Our business is also subject to weather conditions, which may adversely affect our results of operations. For example, prolonged winter conditions, drought conditions (or simply reduced rainfall levels) or excessive rains can limit access to boating sites in the region.

                                       40

--------------------------------------------------------------------------------
or render boating dangerous or inconvenient, thereby curtailing customer demand
for our products. In addition, unseasonably cool weather and prolonged winter
conditions may lead to a shorter selling season in certain locations. Hurricanes
and other storms could result in disruptions of our operations or damage to our
boat inventories and facilities, as has been the case when Florida and other
markets were affected by hurricanes, such as Hurricanes Harvey and Irma in 2017.
Although we believe our geographic diversity is likely to reduce the overall
impact to us of adverse weather conditions in any one market area, these
conditions will continue to represent potential, material adverse risks to us
and our future financial performance.

Liquidity and capital resources


Our cash needs are primarily for working capital to support operations,
including new and used boat and related parts inventories, off-season liquidity,
and growth through acquisitions. Acquisitions remain an important strategy for
us, and we plan to continue our growth through this strategy in appropriate
circumstances. However, we cannot predict the length of favorable economic or
financial conditions. We regularly monitor the aging of our inventories and
current market trends to evaluate our current and future inventory needs. We
also use this evaluation in conjunction with our review of our current and
expected operating performance and expected business levels to determine the
adequacy of our financing needs.

These cash needs historically have been financed with cash generated from
operations and borrowings under the Credit Facility (described below). Our
ability to utilize the Credit Facility to fund operations depends upon the
collateral levels and compliance with the covenants of the Credit Facility.
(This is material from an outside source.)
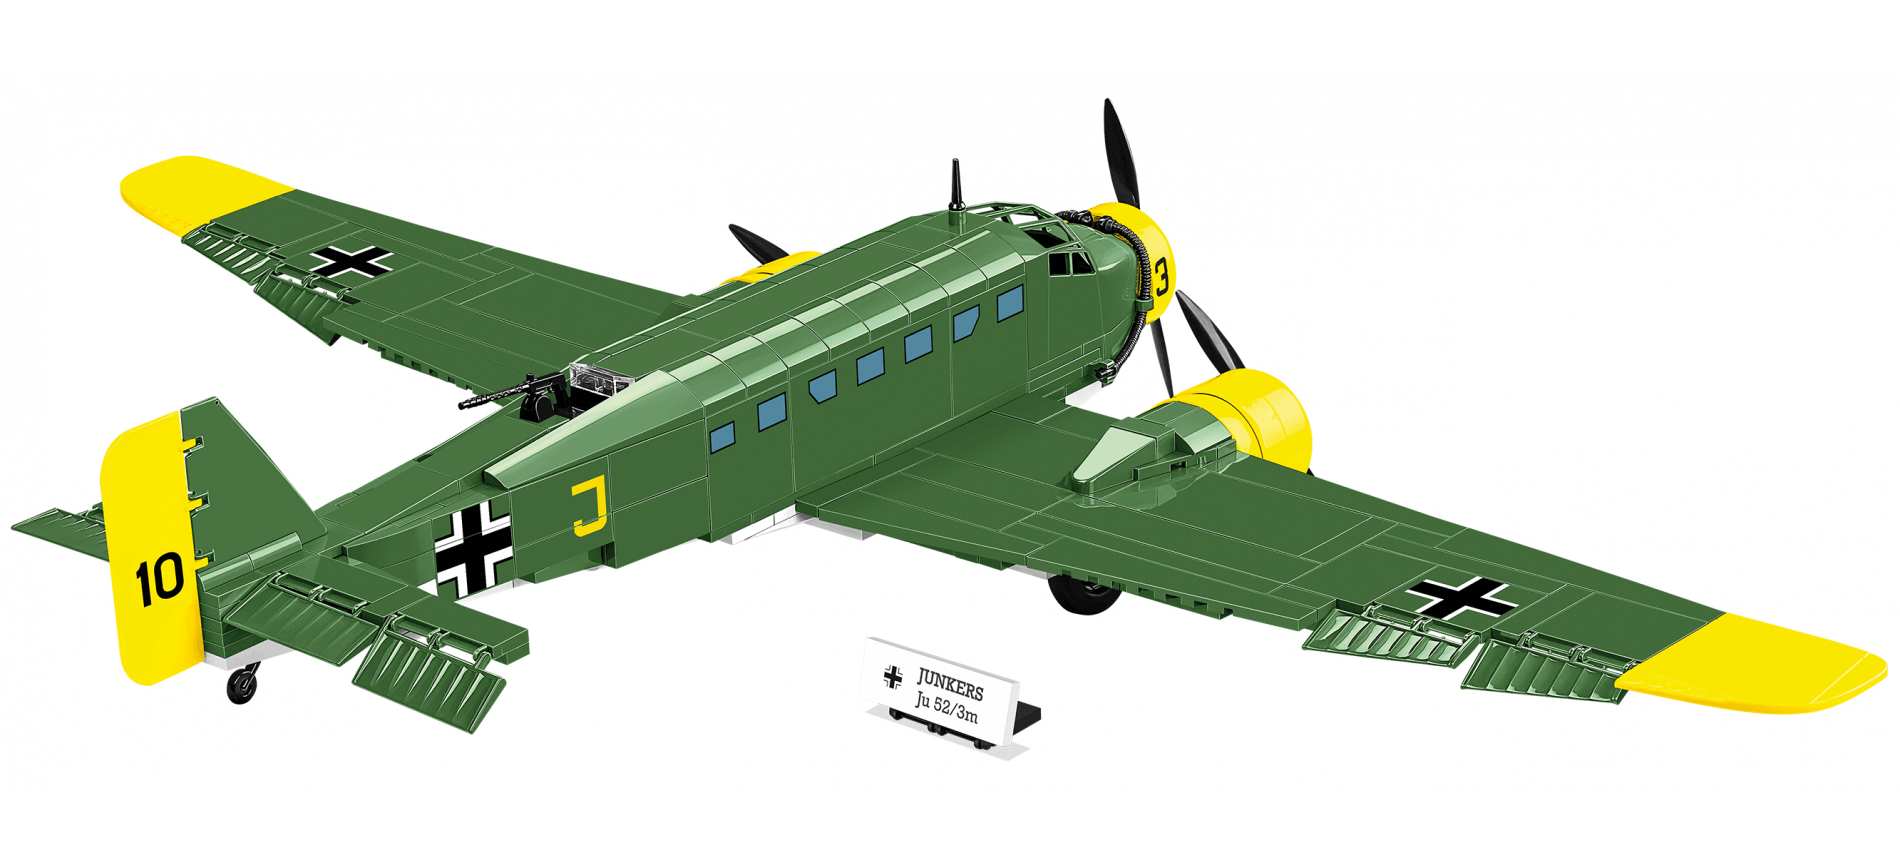 Cobi - Avion Junkers Ju52 / 3m Suisse - 542 pièces

Any
turmoil in the credit markets and weakness in the retail markets may interfere
with our ability to remain in compliance with the covenants of the Credit
Facility and therefore our ability to utilize the Credit Facility to fund
operations. As of September 30, 2021, we were in compliance with all covenants
under the Credit Facility. We currently depend upon dividends and other payments
from our dealerships and the Credit Facility to fund our current operations and
meet our cash needs. As 100% owner of each of our dealerships, we determine the
amounts of such distributions subject to applicable law, and currently, no
agreements exist that restrict this flow of funds from our dealerships.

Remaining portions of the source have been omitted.